NEW HAVEN, CT, May 2, 2011 - Yale School of Medicine has entered into a collaboration with Icagen, Inc. and Pfizer to explore the potential efficacy of investigational compounds as novel treatments for pain. These compounds, which were identified from an existing collaboration between Icagen and Pfizer may be useful in treating pain in people with a rare genetic disorder called inherited erythromelalgia (IEM), or the "man on fire syndrome." Individuals afflicted with the syndrome experience a debilitating, life-long burning pain.
The collaboration with the laboratory of Stephen G. Waxman, M.D., Ph.D. and Sulayman D. Dib-Hajj, Ph.D. in the Department of Neurology, Yale School of Medicine, will study the effects of selectively blocking Nav1.7 (SCN9A) sodium channels with molecules previously identified by Pfizer and Icagen. Nav1.7 is responsible for producing impulses in pain-sensing neurons. The Waxman team, working at the Veterans Affairs Healthcare System in West Haven, CT, has previously shown that mutations of Nav1.7 channels occur in patients suffering from IEM. These genetic mutations increase activity in these neurons, leading to the pain associated with IEM. Working together, investigators at Yale, Pfizer and Icagen will seek to determine whether compounds identified by Icagen and Pfizer block IEM Nav 1.7 channels in vitro, which may in turn provide a rationale for future clinical studies in IEM patients and other pain disorders.

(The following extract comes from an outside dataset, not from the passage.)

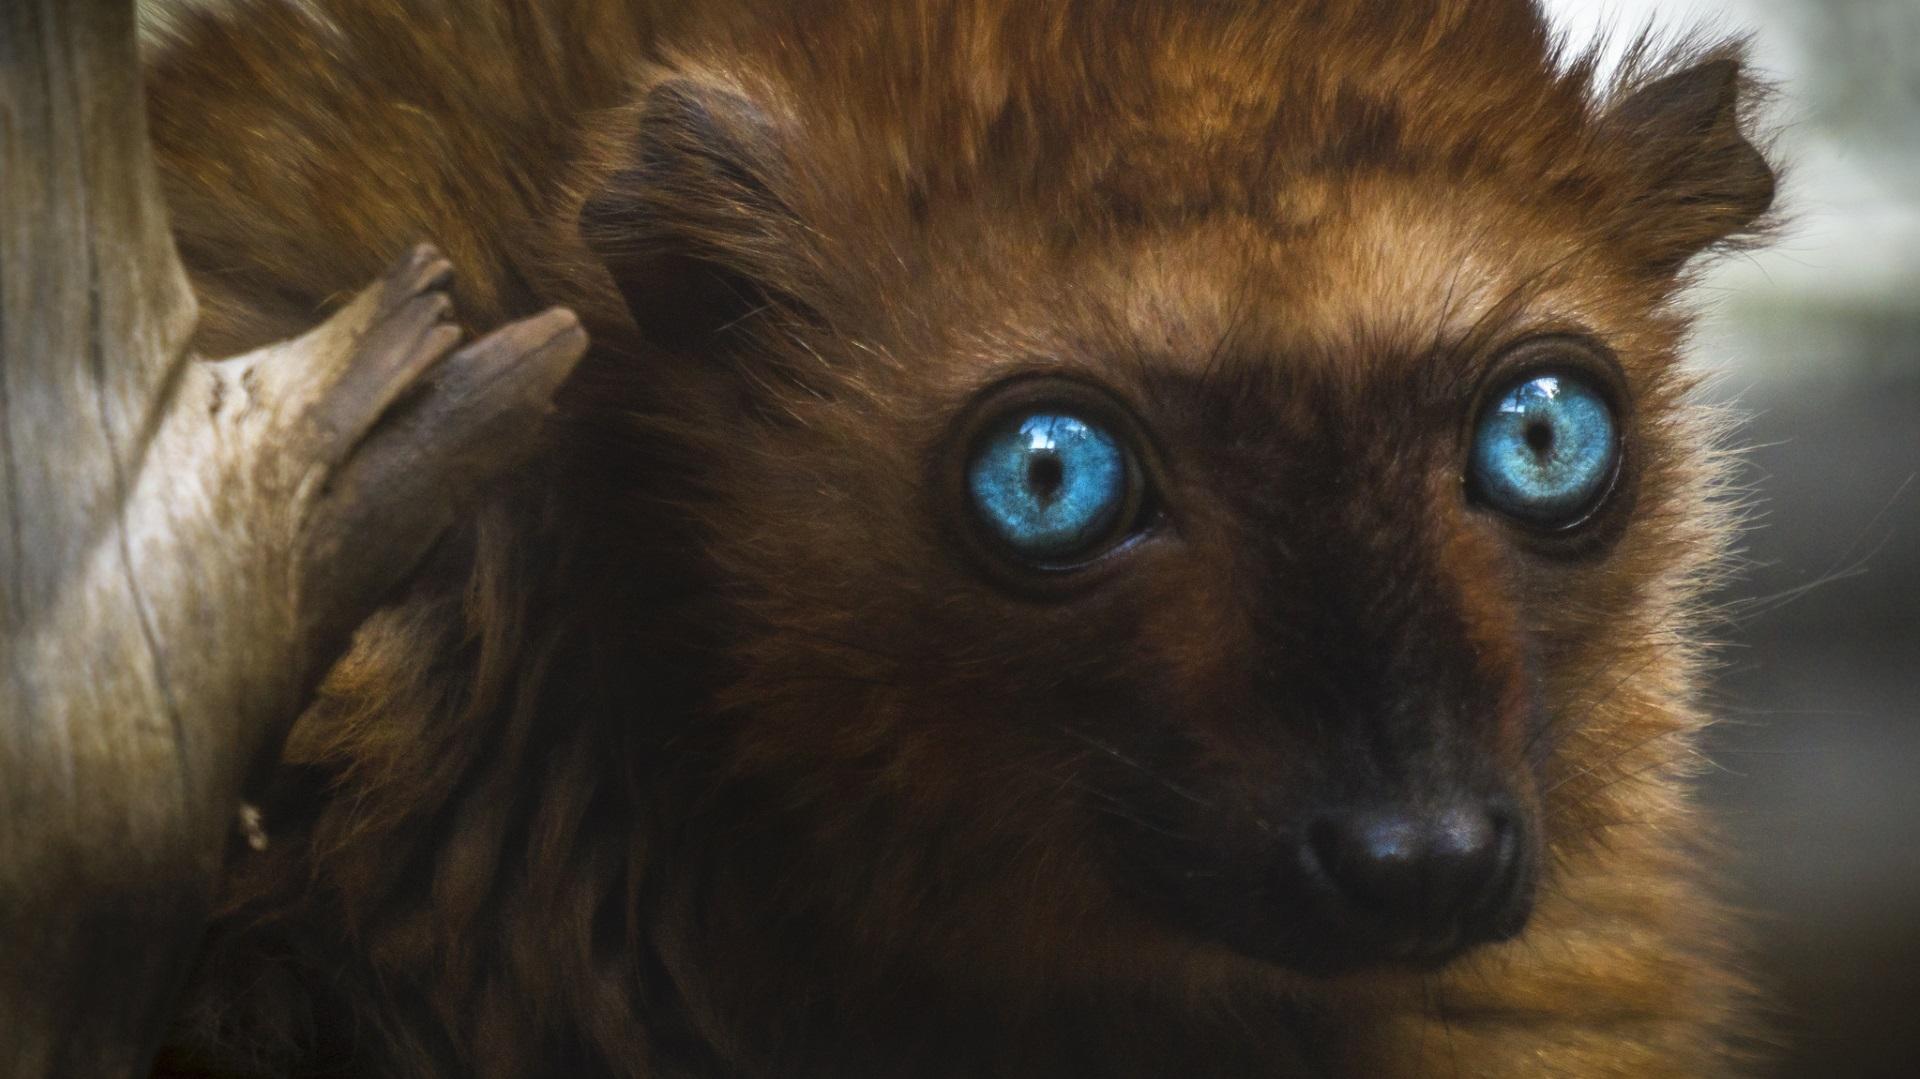 <p><strong>Сини очи</strong></p>  <p>Този застрашен жител на Мадагаскар е единственият примат освен хората, който може да има сини очи, с които са надарени и двата пола на животинчето.</p>

Dr. Waxman noted, "We are committed to finding new, more effective treatments for pain in inherited erythromelalgia and related disorders. Sodium channels are the molecular generators within nerve cells, which produce electrical impulses. In patients with IEM, these mutations make Nav1.7 overactive. By blocking these over-active channels, we believe that we potentially can more effectively treat pain in inherited erythromelalgia. My colleagues and I at Yale are excited about working with Icagen and Pfizer in this area of research and in studying the effect of compounds which are potent and selective blockers of Nav1.7. It is our hope that this joint effort will lead to effective treatments for IEM patients."
P. Kay Wagoner, Ph.D., CEO of Icagen added, "We are very pleased that Drs. Waxman and Dib-Hajj have agreed to work with us and our partner Pfizer in the study of Nav1.7 channels from IEM patients. They are among the world's leading researchers in the role of sodium channels in pain. The studies we are jointly undertaking should help us better understand how modulating Nav1.7 channels in IEM patients may reduce the extreme pain they experience. This information may additionally assist our broader efforts to find novel sodium channel treatments for patients with various pain conditions."

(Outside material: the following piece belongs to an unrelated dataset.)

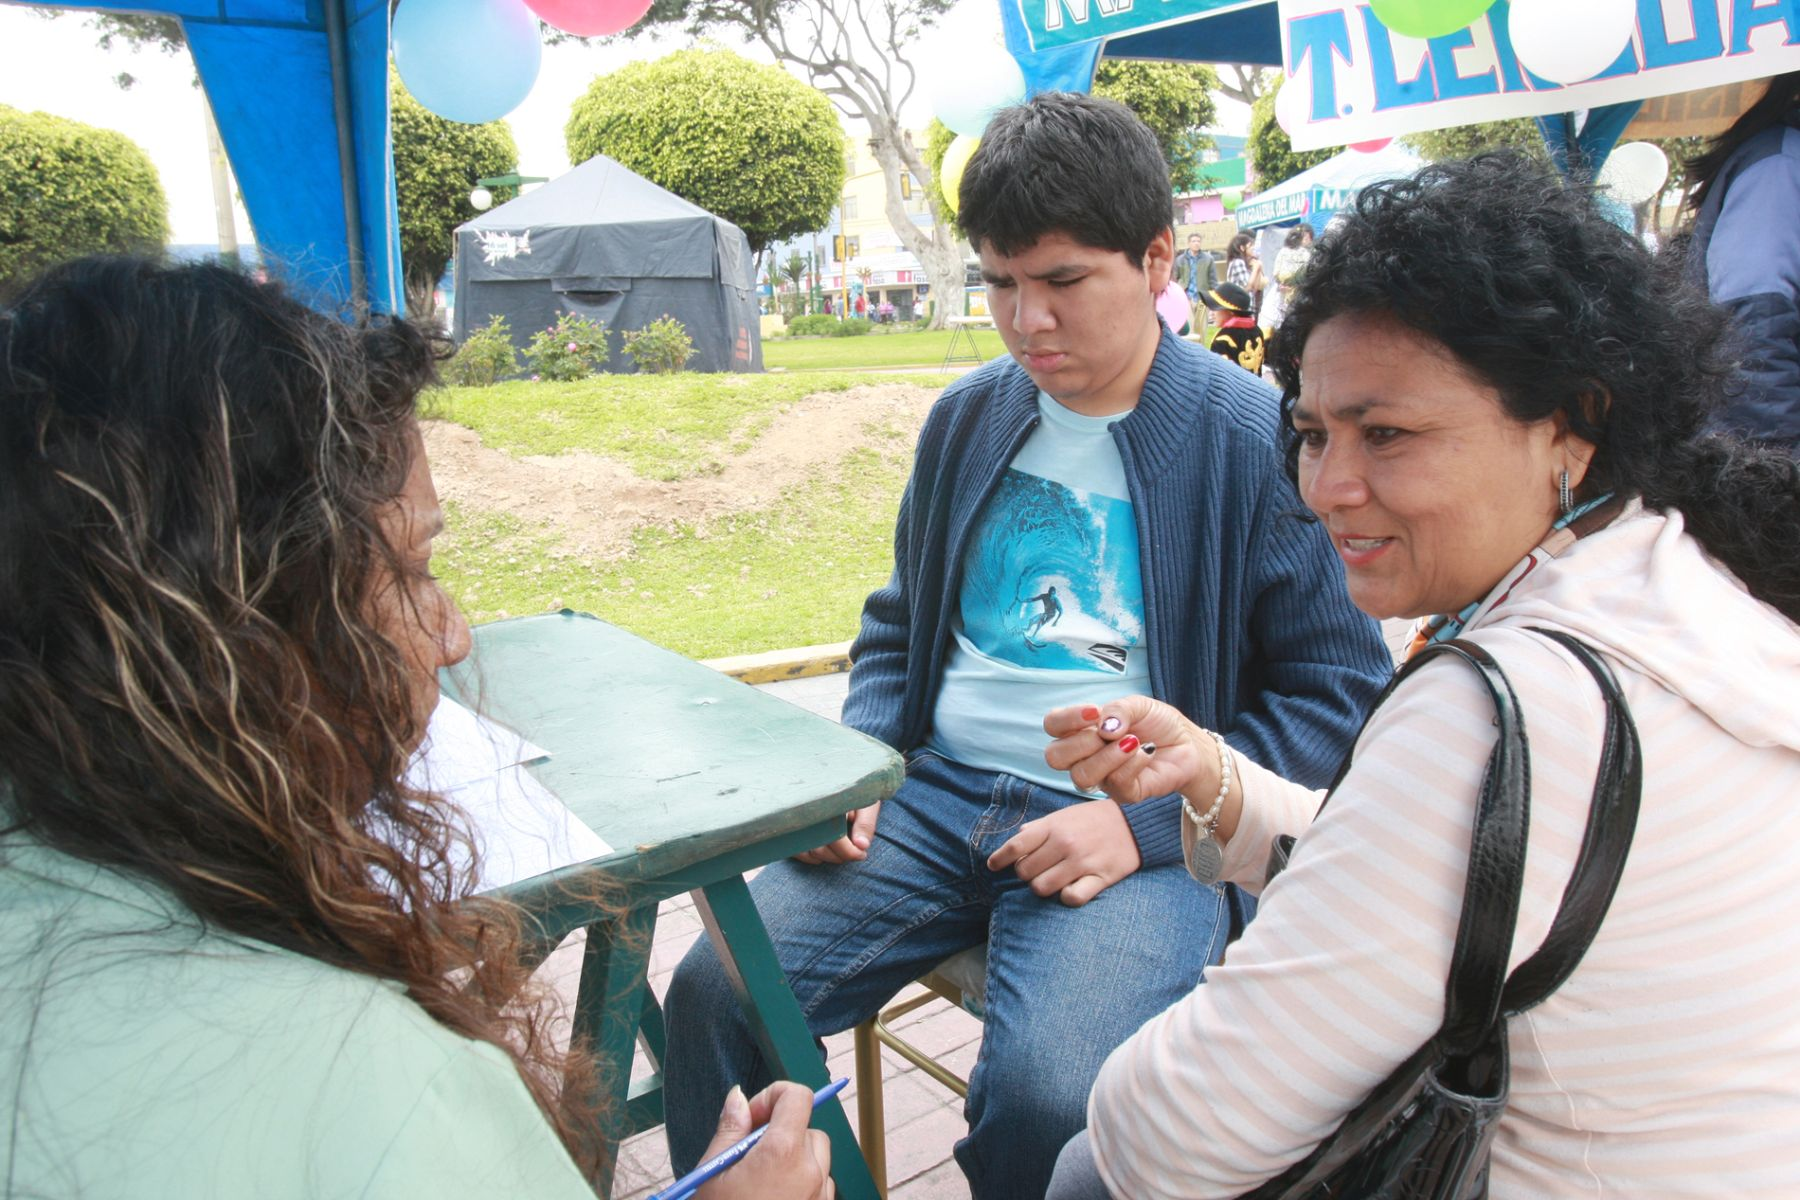 Realizará en enero primera campaña de salud mental gratuita en Barranco. Foto: ANDINA/Archivo.

Ruth McKernan, Ph.D., Chief Scientific Officer of Pfizer's new Pain and Sensory Disorders Research Unit, Neusentis, based in Cambridge, UK, noted, "There is a significant body of evidence to suggest that sodium channels, particularly Nav1.7, play an important role in pain disorders. By combining the scientific and clinical expertise of Dr. Waxman's lab with that of Pfizer and Icagen, we look forward to potentially developing medicines in this area of high medical need."